Мне хочется взглянуть на погибшего жениха, но в рамке под стеклом на месте его фотографии — белый пустой прямоугольник. Рядом новый портрет тети Тасиной племянницы. Когда эта девица была еще девочкой, она жила вместе с двумя двоюродными сестрами, такими же тети Тасиными племянницами, в деревне, и тетя Тася была им вместо матери. Тогда была война, и это чего-нибудь да стоит — возиться с тремя малыми детьми и работать в колхозе. Когда холоднолицая Люс приехала в деревню, ей было шесть месяцев, и никто не называл ее тогда холоднолицей, а когда она уезжала, ей исполнилось девять лет, и никто не думал, что она вырастет холоднолицей.
Теперь Люся — секретарша и машинистка, она живет в большом городе и знает толк в кое-каких вопросах городской культуры и морали. Раз в год она приезжает в отпуск пить парное молоко, ходить по грибы, играть с деревенскими мальчишками в круговую лапту и привозит тете Тасе свои новые фотографии.
Одна из них висит на том самом месте, где много лет сидел-посиживал на венском стуле и раскуривал свою долгую папиросу парень в пилотке. У фотографии была сво история, своя история была у венского стула, у этой солдатской папиросы, потому что была война, и сидел покуривал этот солдат, может быть, после боя, может, перед боем, и, может быть, были на десять солдат один венский стул, одна мирная роскошная папироса и один мирный районный фотограф, и каждый из десяти хотел предстать перед далекой родней, перед далекими девушками в наилучшем виде, в полном благополучии и процветании.

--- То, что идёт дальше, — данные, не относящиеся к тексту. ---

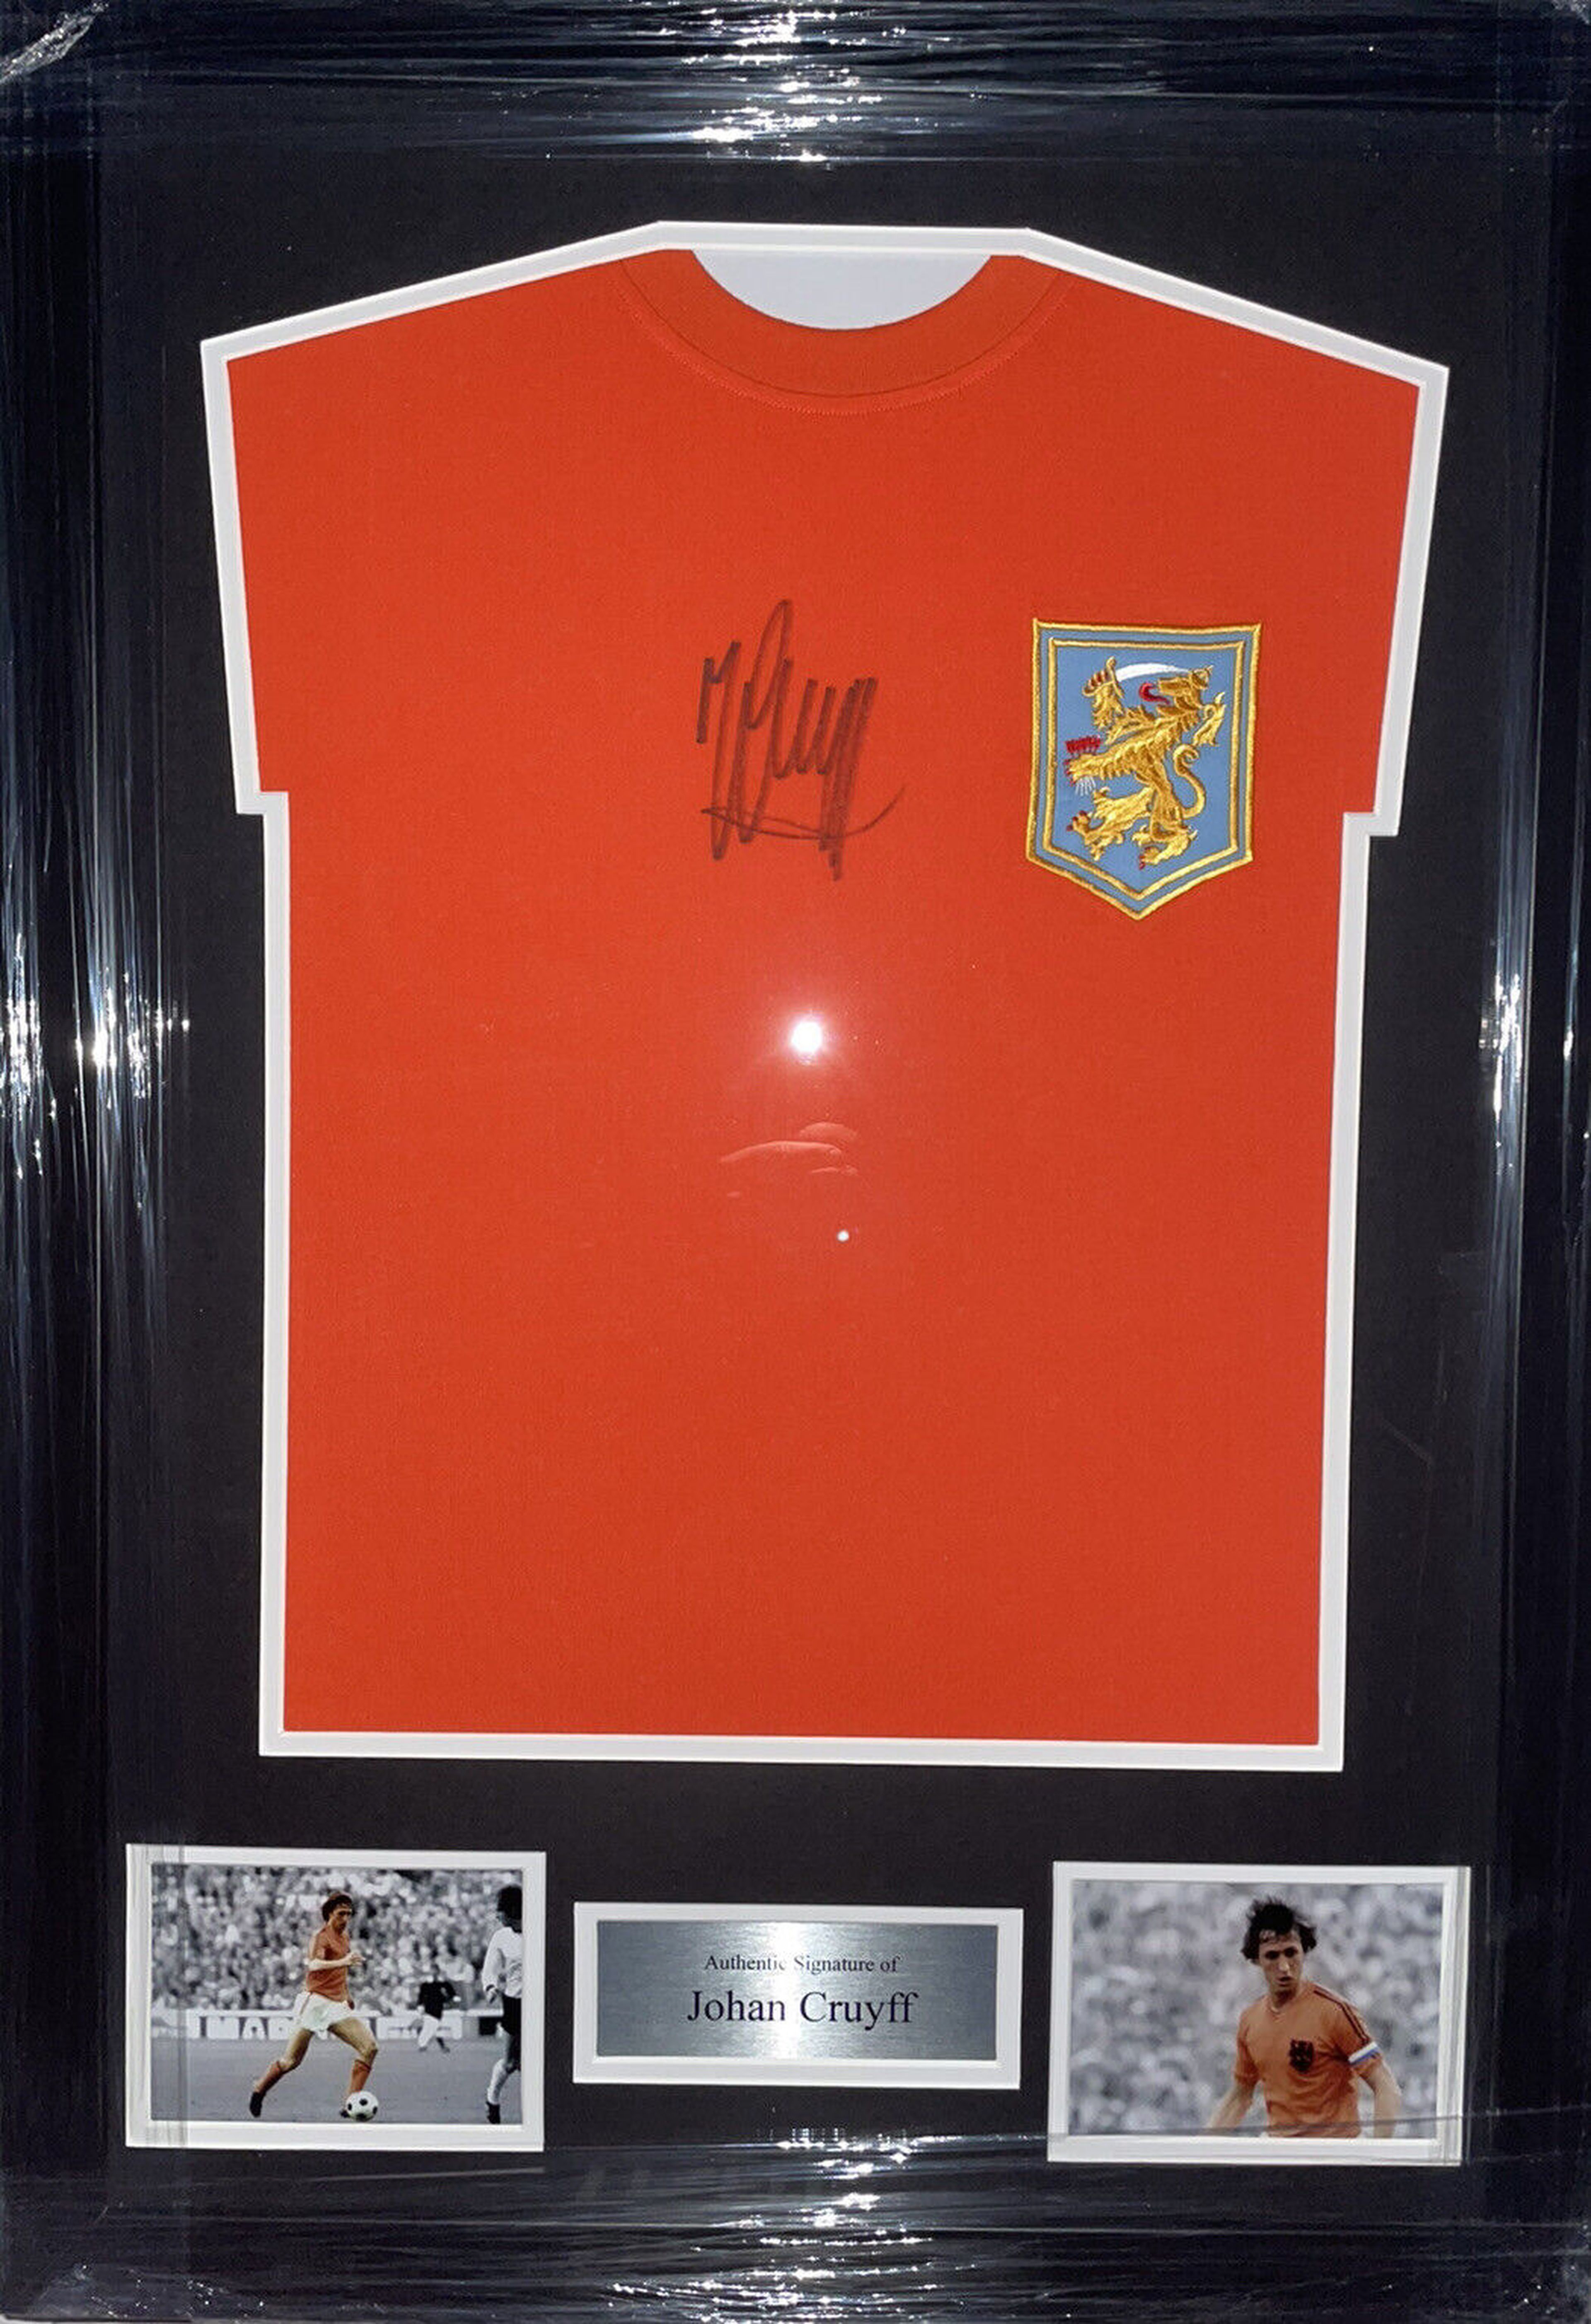 Camiseta firmada por Johan Cruyff.

Об этой фотографии мне рассказывала Тома: не о венском стуле, не о папиросе, а о солдате в пилотке, который сидел покуривал, закинув ногу на ногу, и смотрел прямо перед собой, на всех, переступающих порог избы. Шли годы, вырастали Люси, умирали бабушки, а солдат сидел, покуривал и все смотрел, смотрел, и будто табачным дымом заволакивало его лицо.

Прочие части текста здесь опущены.